14 октября 1932 г. Троцкий и Седова в сопровождении по-мощников-секретарей немца Отто Шюсслера, чеха Яна Фран-келя и француза Пьера Франка отправились на итальянском пароходе в Марсель с краткими остановками в Пирее (вблизи Афин) и Неаполе. В Пирее Троцкому не разрешили сойти на берег, но Седова получила право осмотреть Акрополь, где ее приветственными криками встретили члены греческой группы «архивомарксистов» (такое странное название они получили по наименованию журнала «Архивы марксизма», начавшего выходить в 1924 г.). Они же устроили встречу корабля, когда он проходил ночью узким Коринфским каналом. На итальянских моряков крики с берега «Да здравствует Троцкий!», «Да здравствует Коммуна!» произвели большое впечатление[310]. Но, ко всеобщему удивлению, итальянское фашистское правительство разрешило путешественникам во время пребывания корабля в неапольском порту совершить непродолжительную экскурсию в Помпеи.
Встреча в Марселе была значительно менее дружелюбной. Полиция приняла чрезвычайные меры предосторожности. Троцкого и сопровождавших его лиц высадили в отдаленном конце порта, почти немедленно усадили в машину, попытались не допустить к ним представителей прессы и отвезли вначале в Лион, где они заночевали, а затем поездом в Париж, где также поместили под тщательный полицейский надзор[311]. Все же в марсельском порту к Троцкому удалось пробиться настырному корреспонденту французского телеграфного агентства Гавас, которому вождь международной левой оппозиции успел сказать: «Я провел четыре года в Турции. Читал, писал, в свободные часы занимался рыбной ловлей и охотой. Был занят почти исключительно историей русской революции… Я не знаю датского языка и буду говорить по-немецки. Лекция преследует научные, а не пропагандистские цели. Это, разумеется, не значит, что я намерен скрывать свою точку зрения, которая в настоящий момент остается такой же, как и во время Октябрьского переворота 1917 года»[312].
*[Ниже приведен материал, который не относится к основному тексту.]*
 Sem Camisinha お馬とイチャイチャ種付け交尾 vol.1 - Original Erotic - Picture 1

На следующий день после приезда в Париж путешественников отвезли в Дюнкирхен (нынешний Дюнкерк), скрытно погрузили на корабль, идущий в Данию, не разрешив побеседовать с Троцким даже любопытствующему секретарю профсоюза портовых рабочих. Некоторые наиболее ретивые французские коммунисты хотели устроить «антитроцкистскую» демонстрацию, но член Политбюро компартии Жюль Ракамон высказался против[313]. Правда, о предстоявшем визите Троцкого в Копенгаген узнали датские коммунисты, и Троцкий был встречен там демонстрантами, выкрикивавшими проклятия.
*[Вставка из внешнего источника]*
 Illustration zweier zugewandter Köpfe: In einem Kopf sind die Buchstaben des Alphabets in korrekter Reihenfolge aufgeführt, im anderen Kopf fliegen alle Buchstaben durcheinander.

Троцкий выступал 27 ноября на столичном стадионе в присутствии примерно 2500 человек. Значительная часть их пришла из любопытства: взглянуть на знаменитую и скандальную личность и послушать речь человека, осмеливавшегося открыто выступить против советского правительства и Сталина. Но немало было среди присутствовавших страстных друзей и врагов. Сторонники, которых было значительно меньше, неоднократно прерывали его аплодисментами и возгласами одобрения. Со стороны противников слышались обвинения и негодующий свист. Однако ораторское искусство Троцкого, не угасшее за годы, когда он был лишен возможности выступать на публике, постепенно привлекло к нему симпатии почти всей аудитории. Так что вскоре противники вынуждены были замолчать, а наиболее удачные места выступления все чаше прерывались аплодисментами и криками одобрения.